# **Parameter Tuning**
The setting of the parameters of an algorithm is always a difficult task
- A “brute force” approach can be used to find the setting optimizing a quality index
- The training data is split in two subsets
    - The first set is used to build a model
    - The second one is used to evaluate the quality of the model
- The setting that maximizes a quality index (e.g., the prediction accuracy) is used to build the final model on the whole training dataset.

Hence, the cross-validation approach is usually used. It creates k splits and k models. For each configuration the system will apply k models, and the total number of model is equal to k-times the number in the configuration.

Input:
   - An MLlib pipeline
   - A set of values to be evaluated for each input parameter of the pipeline
       - All the possible combinations of the specified parameter values are considered and the related models are automatically generated and evaluated by Spark.
   - A quality evaluation metric to evaluate the result of the input pipeline

Output:
   - The model associated with the best parameter setting, in term of quality evaluation metric

In [1]:
from pyspark.mllib.linalg import Vectors
from pyspark.ml.feature import VectorAssembler
from pyspark.ml.classification import LogisticRegression
from pyspark.ml.evaluation import MulticlassClassificationEvaluator
from pyspark.ml.evaluation import BinaryClassificationEvaluator
from pyspark.ml.tuning import ParamGridBuilder
from pyspark.ml.tuning import CrossValidator
from pyspark.ml import Pipeline
from pyspark.ml import PipelineModel

In [3]:
# input and output folders
# input and output folders
trainingData = "./databases/trainingData.csv"
unlabeledData = "./databases/unlabeledData.csv"
outputPath = "./tuning/"

# Training data in raw format
labeledDataDF = spark.read.load(trainingData,\
                                format="csv",\
                                header=True,\
                                inferSchema=True)

In [4]:
# *************************
# Training step
# *************************

# Define an assembler to create a column (features) of type Vector
# containing the double values associated with columns attr1, attr2, attr3
assembler = VectorAssembler(inputCols=["attr1", "attr2", "attr3"],\
                                    outputCol="features")

In [5]:
lr = LogisticRegression()
pipeline = Pipeline().setStages([assembler, lr])

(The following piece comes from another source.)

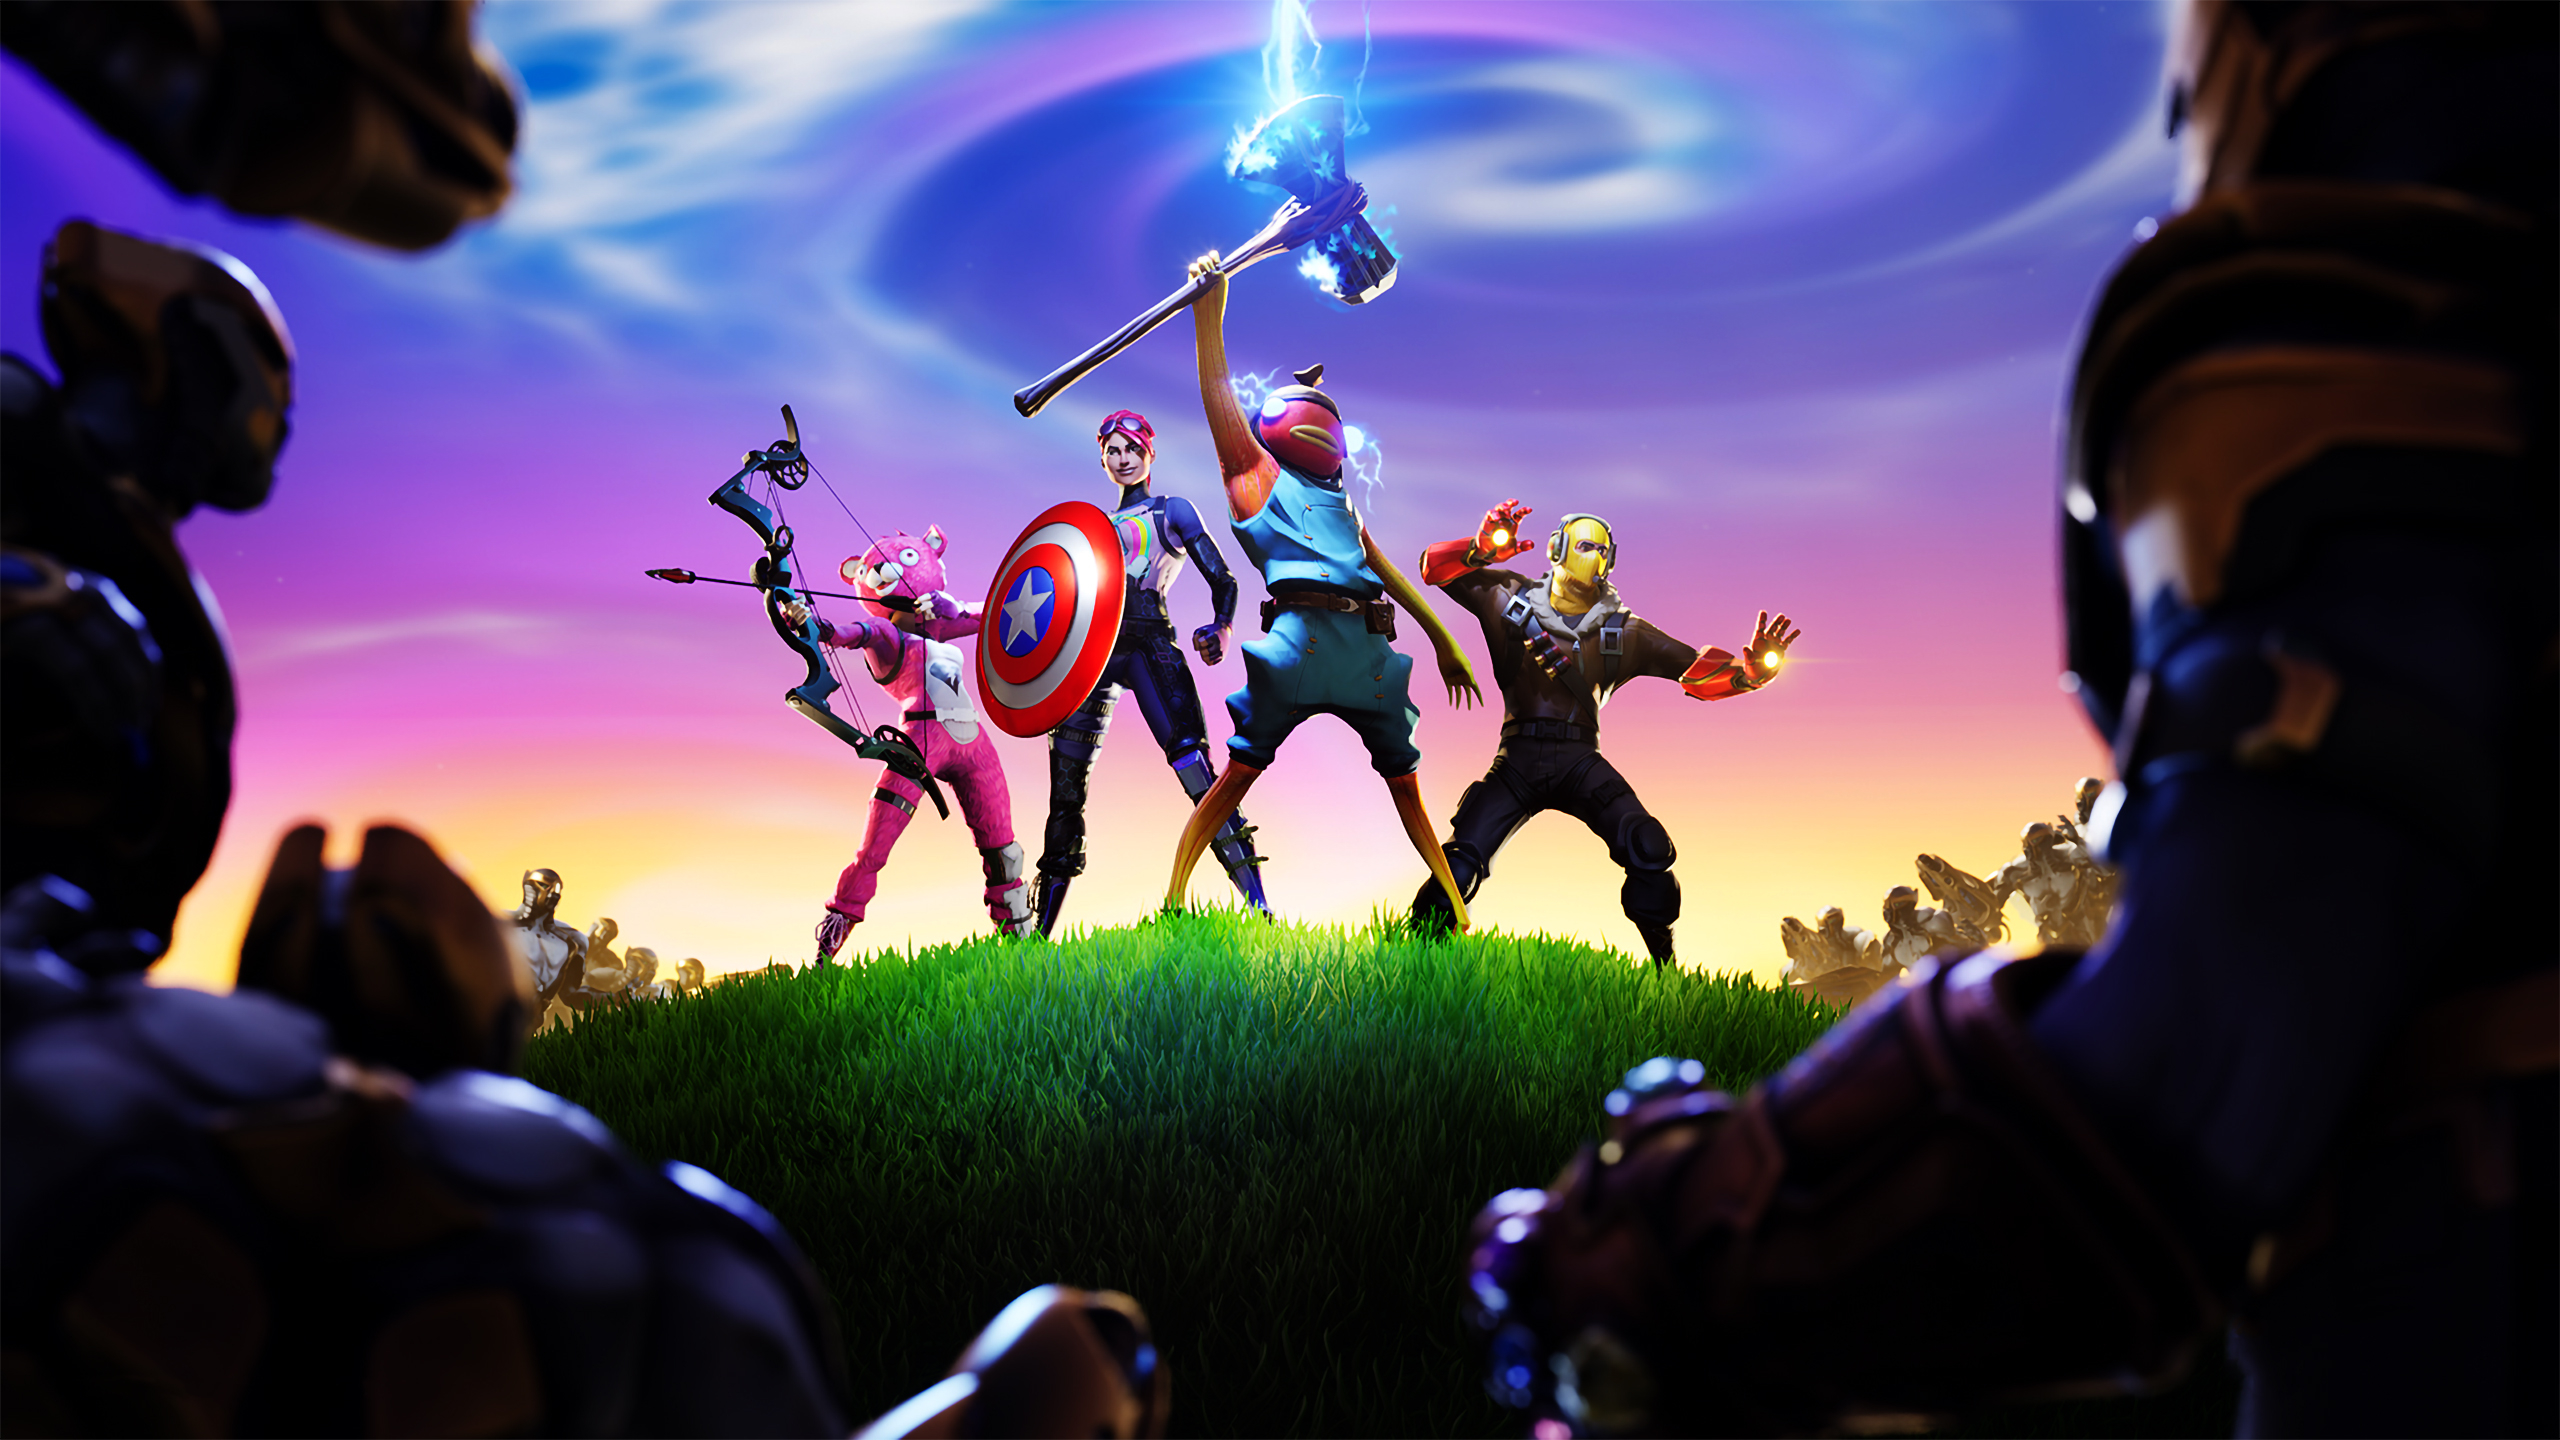 Fortnite X Avengers Wallpaper Hd Games 4k Wallpapers

**Parameter Grid** construction:

In [6]:
paramGrid = ParamGridBuilder()\
.addGrid(lr.maxIter, [10, 100, 1000])\
.addGrid(lr.regParam, [0.1, 0.01])\
.build()

In [7]:
# We now treat the Pipeline as an Estimator, wrapping it in a
# CrossValidator instance. This allows us to jointly choose parameters
# for all Pipeline stages.
# CrossValidator requires
# - an Estimator
# - a set of Estimator ParamMaps
# - an Evaluator.

cv = CrossValidator()\
.setEstimator(pipeline)\
.setEstimatorParamMaps(paramGrid)\
.setEvaluator(BinaryClassificationEvaluator())\
.setNumFolds(3)

In [8]:
# Run cross-validation. The result is the logistic regression model
# based on the best set of parameters (based on the results of the
# cross-validation operation).
tunedLRmodel = cv.fit(labeledDataDF)

In [9]:
# *************************
# Prediction step
# *************************

unlabeledData = spark.read.load(unlabeledData,\
format="csv", header=True, inferSchema=True)
predictionsDF = tunedLRmodel.transform(unlabeledData)

In [10]:
predictions = predictionsDF.select("attr1", "attr2", "attr3", "prediction")

In [13]:
labeledDataDF.show()
predictionsDF.show()

+-----+-----+-----+-----+
|label|attr1|attr2|attr3|
+-----+-----+-----+-----+
|  1.0|  0.0|  1.1|  0.1|
|  0.0|  2.0|  1.0| -1.0|
|  0.0|  2.0|  1.3|  1.0|
|  1.0|  0.0|  1.2| -0.5|
+-----+-----+-----+-----+

+-----+-----+-----+-----+--------------+--------------------+--------------------+----------+
|label|attr1|attr2|attr3|      features|       rawPrediction|         probability|prediction|
+-----+-----+-----+-----+--------------+--------------------+--------------------+----------+
| null| -1.0|  1.5|  1.3|[-1.0,1.5,1.3]|[-2.9809716290125...|[0.04829295232390...|       1.0|
| null|  3.0|  2.0| -0.1|[3.0,2.0,-0.1]|[1.84892116210460...|[0.86400038529945...|       0.0|
| null|  0.0|  2.2| -1.5|[0.0,2.2,-1.5]|[-2.9350858066952...|[0.05044615025400...|       1.0|
+-----+-----+-----+-----+--------------+--------------------+--------------------+----------+